___ Provided records ___
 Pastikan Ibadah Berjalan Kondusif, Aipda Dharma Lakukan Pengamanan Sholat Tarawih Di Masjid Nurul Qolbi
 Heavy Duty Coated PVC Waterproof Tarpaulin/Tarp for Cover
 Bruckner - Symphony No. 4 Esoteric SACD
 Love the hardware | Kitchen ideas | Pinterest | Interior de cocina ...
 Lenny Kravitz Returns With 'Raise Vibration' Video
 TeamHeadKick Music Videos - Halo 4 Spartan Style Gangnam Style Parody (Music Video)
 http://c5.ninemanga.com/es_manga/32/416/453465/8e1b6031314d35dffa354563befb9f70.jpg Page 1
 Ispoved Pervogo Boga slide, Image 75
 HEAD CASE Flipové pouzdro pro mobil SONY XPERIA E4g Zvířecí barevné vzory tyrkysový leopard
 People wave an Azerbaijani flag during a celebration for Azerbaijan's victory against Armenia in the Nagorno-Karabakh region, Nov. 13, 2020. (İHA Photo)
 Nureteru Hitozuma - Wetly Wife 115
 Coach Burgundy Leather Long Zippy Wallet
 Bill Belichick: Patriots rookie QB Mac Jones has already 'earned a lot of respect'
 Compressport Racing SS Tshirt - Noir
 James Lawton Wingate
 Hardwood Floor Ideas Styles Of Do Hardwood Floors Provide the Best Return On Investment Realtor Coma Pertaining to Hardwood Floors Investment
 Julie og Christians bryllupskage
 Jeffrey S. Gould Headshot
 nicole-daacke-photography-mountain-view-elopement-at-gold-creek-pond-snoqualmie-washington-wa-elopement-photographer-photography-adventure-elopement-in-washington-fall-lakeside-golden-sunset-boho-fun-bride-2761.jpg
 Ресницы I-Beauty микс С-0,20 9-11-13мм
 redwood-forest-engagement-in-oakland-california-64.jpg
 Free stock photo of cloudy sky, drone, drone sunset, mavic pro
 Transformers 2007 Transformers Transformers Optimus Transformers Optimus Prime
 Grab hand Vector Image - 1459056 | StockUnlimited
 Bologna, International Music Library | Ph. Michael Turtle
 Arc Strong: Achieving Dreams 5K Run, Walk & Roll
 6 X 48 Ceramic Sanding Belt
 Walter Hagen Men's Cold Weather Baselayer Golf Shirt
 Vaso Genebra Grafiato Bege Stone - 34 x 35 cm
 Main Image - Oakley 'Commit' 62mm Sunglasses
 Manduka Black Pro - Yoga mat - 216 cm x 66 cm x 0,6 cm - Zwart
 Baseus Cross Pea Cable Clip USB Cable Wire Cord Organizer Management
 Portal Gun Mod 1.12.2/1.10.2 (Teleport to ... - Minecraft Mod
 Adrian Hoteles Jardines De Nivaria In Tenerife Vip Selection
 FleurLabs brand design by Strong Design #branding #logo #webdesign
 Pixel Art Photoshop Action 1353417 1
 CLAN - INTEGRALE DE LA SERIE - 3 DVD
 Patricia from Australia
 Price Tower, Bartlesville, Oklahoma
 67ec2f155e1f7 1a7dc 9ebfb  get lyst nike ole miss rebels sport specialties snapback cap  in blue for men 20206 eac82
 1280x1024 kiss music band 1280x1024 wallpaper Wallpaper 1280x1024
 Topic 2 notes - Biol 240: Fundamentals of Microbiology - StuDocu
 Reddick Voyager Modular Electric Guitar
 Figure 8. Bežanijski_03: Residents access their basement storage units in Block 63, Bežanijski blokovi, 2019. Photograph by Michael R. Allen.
___
> _Problem requirements_
Say how many lines of the data hold the string "sunset", with no other words in your reply.

> _Solution to the exercise_
2